Her small hand disappeared inside of his. He had a gentle, firm grip and looked her intently in the eye as they shook.
“Beckett,” Charlie echoed. “That a first name or a last name?”
“Never seen a reason to be particular. People should go by whatever
name fits ’em best. Take you, for instance. You do look like a Charlie, but I’m betting that’s not the name on your birth certificate. You’re a Charlotte or . . .” Beckett tilted his head, studying her. “No. Charlene.”
Jake put his hand on Charlie’s shoulder. “What she is, tonight, is your understudy. I want you to show her the ropes, teach her the ground rules. At the end of the night, you tell me if you think she can hack it.”
Beckett’s deep eyes didn’t leave Charlie’s face for a moment. “She moves like ex-military. You military, Charlie?”
“Army. EOD.”
“Explosives,” Jake said with an eager glint in his eyes. “Like that movie, The Hurt Locker.”
Charlie winced. “That movie was, um . . . well . . .”
Jake had prodded a sore spot, but she wasn’t sure how much leeway she had with her new boss. Beckett filled in the blank for her.
“Bullshit,” he said.
Charlie sighed and nodded. “Pretty much. Fun to watch, but anybody who pulled cowboy stunts like that in my unit would’ve been out of my unit in a New York minute. EOD is careful work. Detail work.”
“So you’ve got an eye for detail, and you can follow orders,” Beckett said. “That about right?”
“I like to think those are my two best skills,” she said.

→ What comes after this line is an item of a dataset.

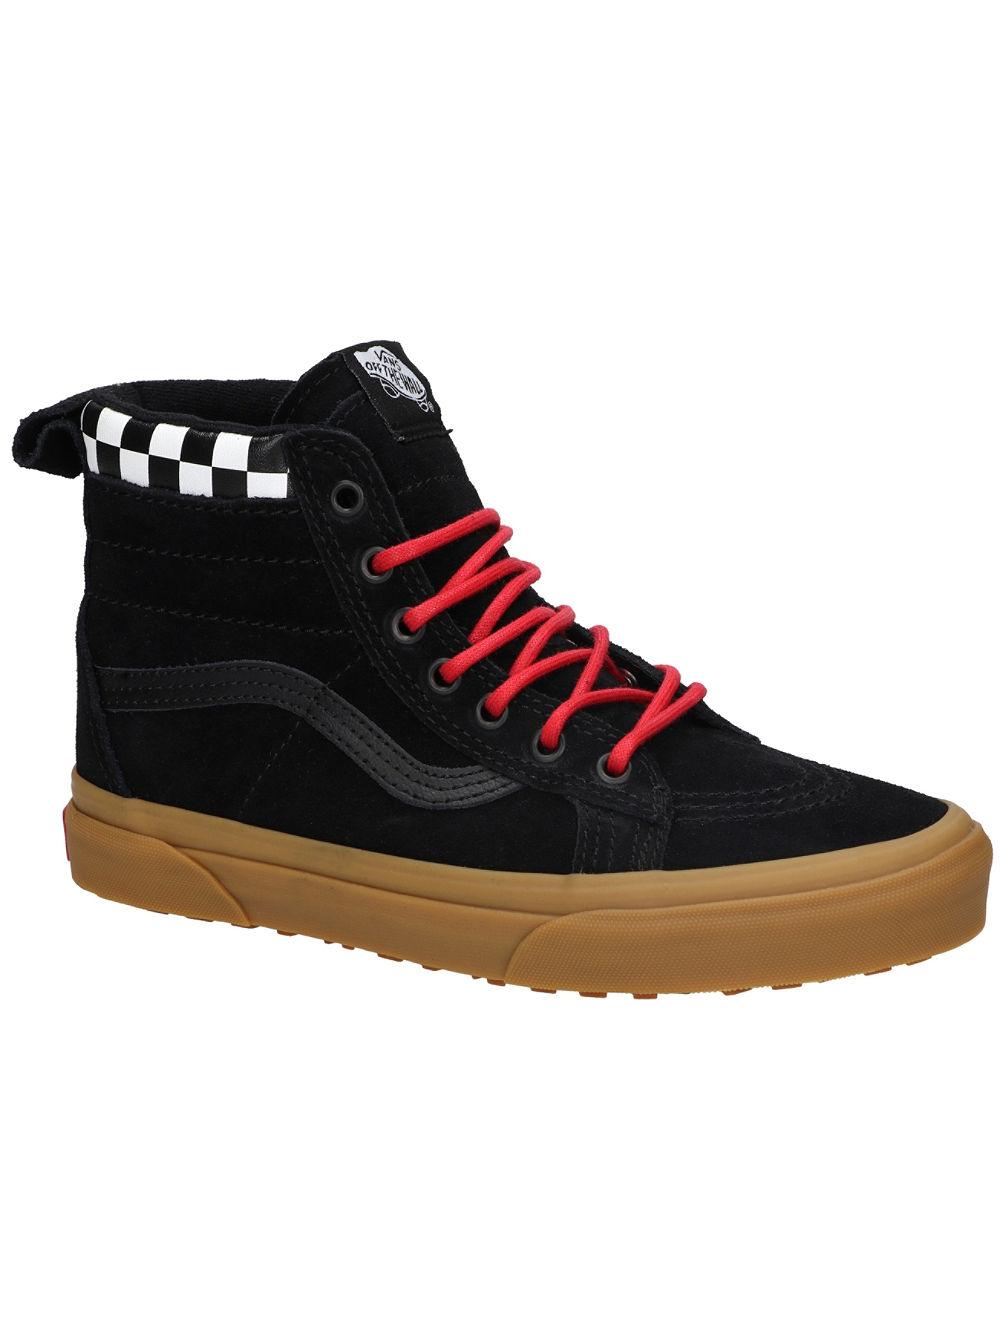 bc15c82d36 Buy Vans Checkerboard MTE Sk8-Hi Sneakers online at Blue Tomato

“Then you and me are going to get along just fine.”
“Tonight, I want you to be like a . . . a duckling,” Jake told her. “You know how they imprint on whoever they see and follow along? Beckett’s your mama duck.”
“Your gift for analogies,” Beckett said serenely, “never fails to underwhelm.”
“You’re welcome,” Jake said.
Beckett nodded at Charlie. “C’mon, Little Duck. We need to get you sorted before the festivities. Get you a proper ID card and suchlike. Let’s go talk to the boss.”
“Hello,” Jake said, waving a hand. “Boss. Right here.”
Beckett’s only reply was a deep chuckle. He led Charlie across the cluttered conference room. Midway through the milling crowd of operatives, most of them studying their packets and comparing notes, Charlie glanced over her shoulder.